Netz-Funde 04: Bullshit-Bingo, Solidarität und 'Mitgemeint'

 
 
 Foto: Pablo Heimplatz über Unsplash.   Bei der Suche nach einem passenden Beitragsbild für diesen Blogartikel bin ich über das Foto oben gestolpert. Der darauf abgebildete BH-Zaun befindet sich in Cardrona in Neuseeland. Er entstand etwa 1999 und seit 2015 werden damit Spenden gesammelt, die der Neuseeländischen Brustkrebs-Foundation zugute kommen. 

Foto: Pablo Heimplatz über Unsplash. 

Bei der Suche nach einem passenden Beitragsbild für diesen Blogartikel bin ich über das Foto oben gestolpert. Der darauf abgebildete BH-Zaun befindet sich in Cardrona in Neuseeland.
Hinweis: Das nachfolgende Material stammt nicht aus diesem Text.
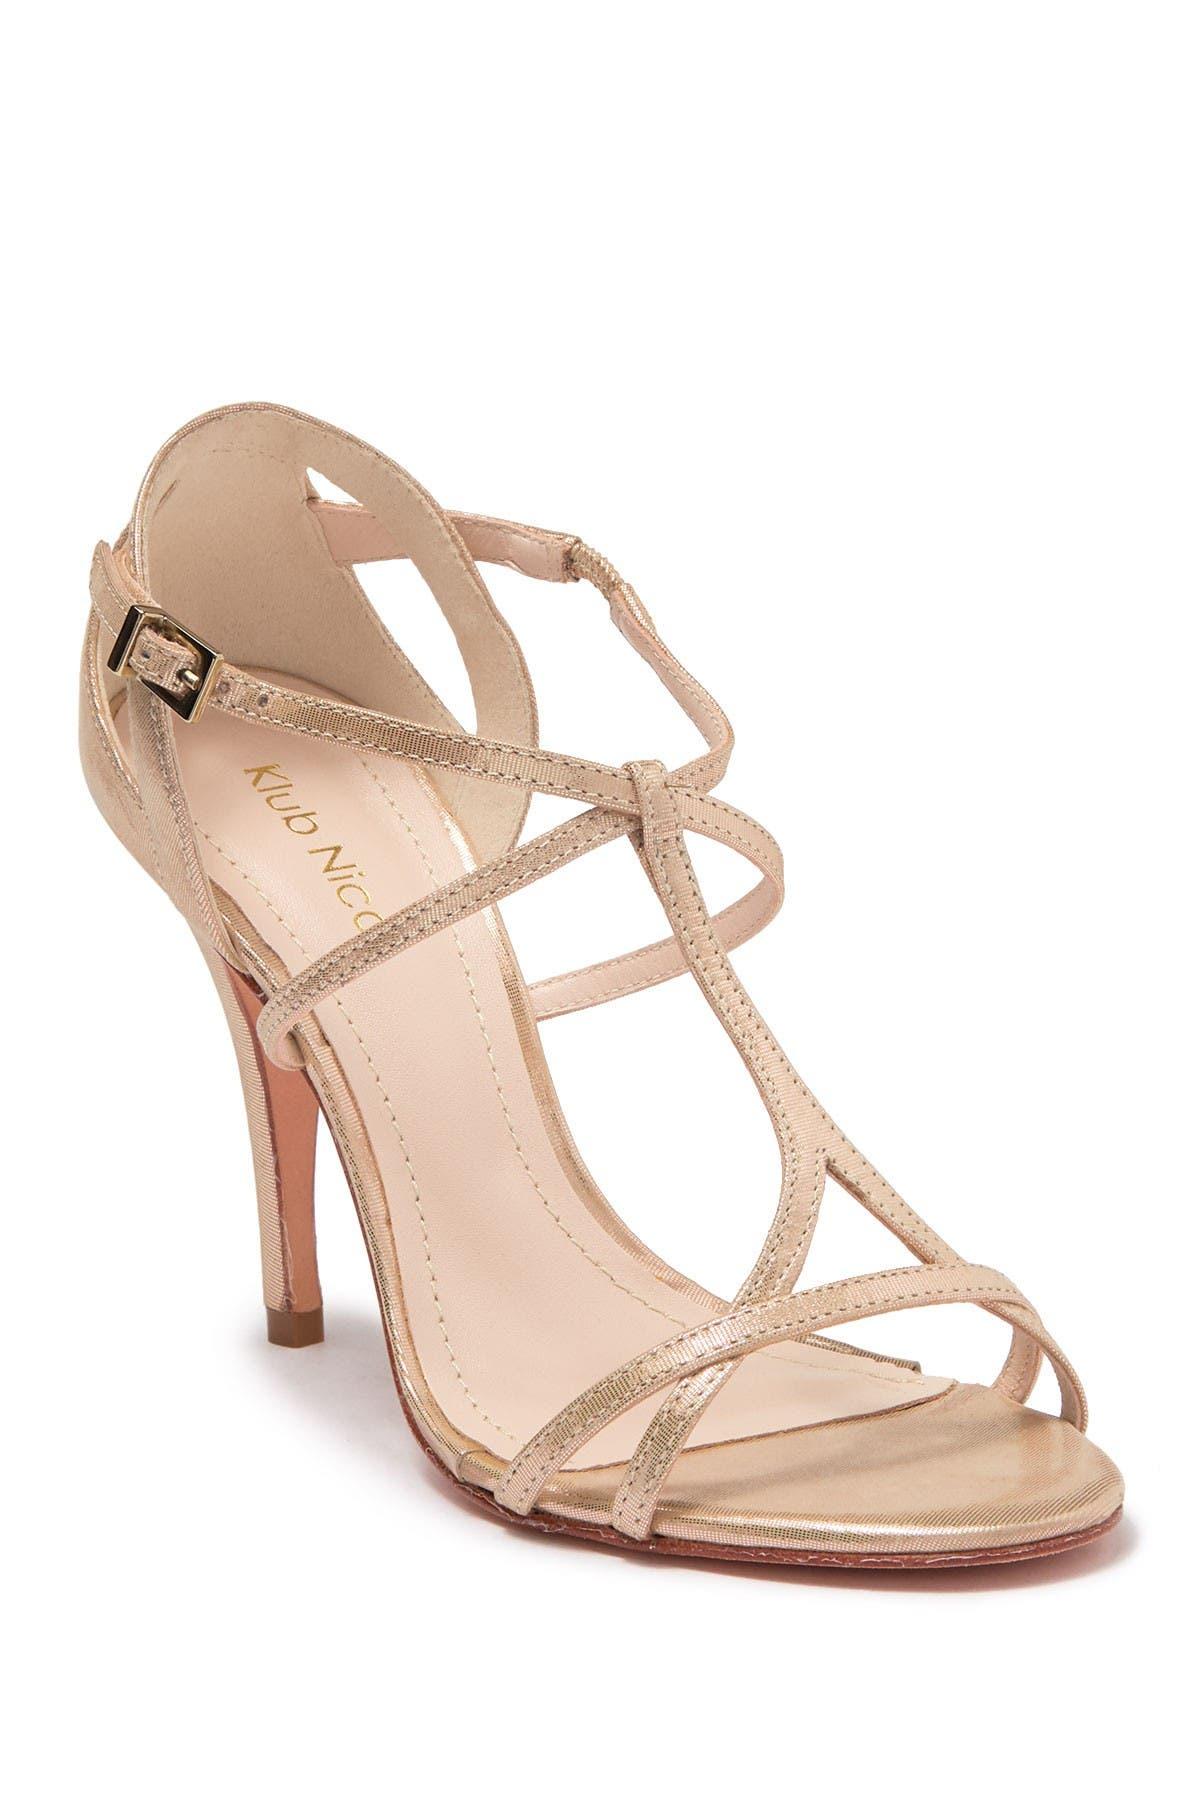 Image of Klub Nico Marlene Strappy Sandal

Er entstand etwa 1999 und seit 2015 werden damit Spenden gesammelt, die der Neuseeländischen Brustkrebs-Foundation zugute kommen. 

 

Jetzt ist etwas Zeit vergangen seit meinen letzten Netz-Funden, in denen ich besondere Link-Tipps zusammentrage: tatsächlich seit Dezember 2017.

Seither habe ich tolle Blog-Artikel und besondere Links einfach nur in einen Ordner gestopft, aber bislang haben sie noch nicht zusammengefunden. Das ändere ich nun schleunigst: los geht’s mit einer höchst subjektiven Best-Of-Auswahl der letzten Monate.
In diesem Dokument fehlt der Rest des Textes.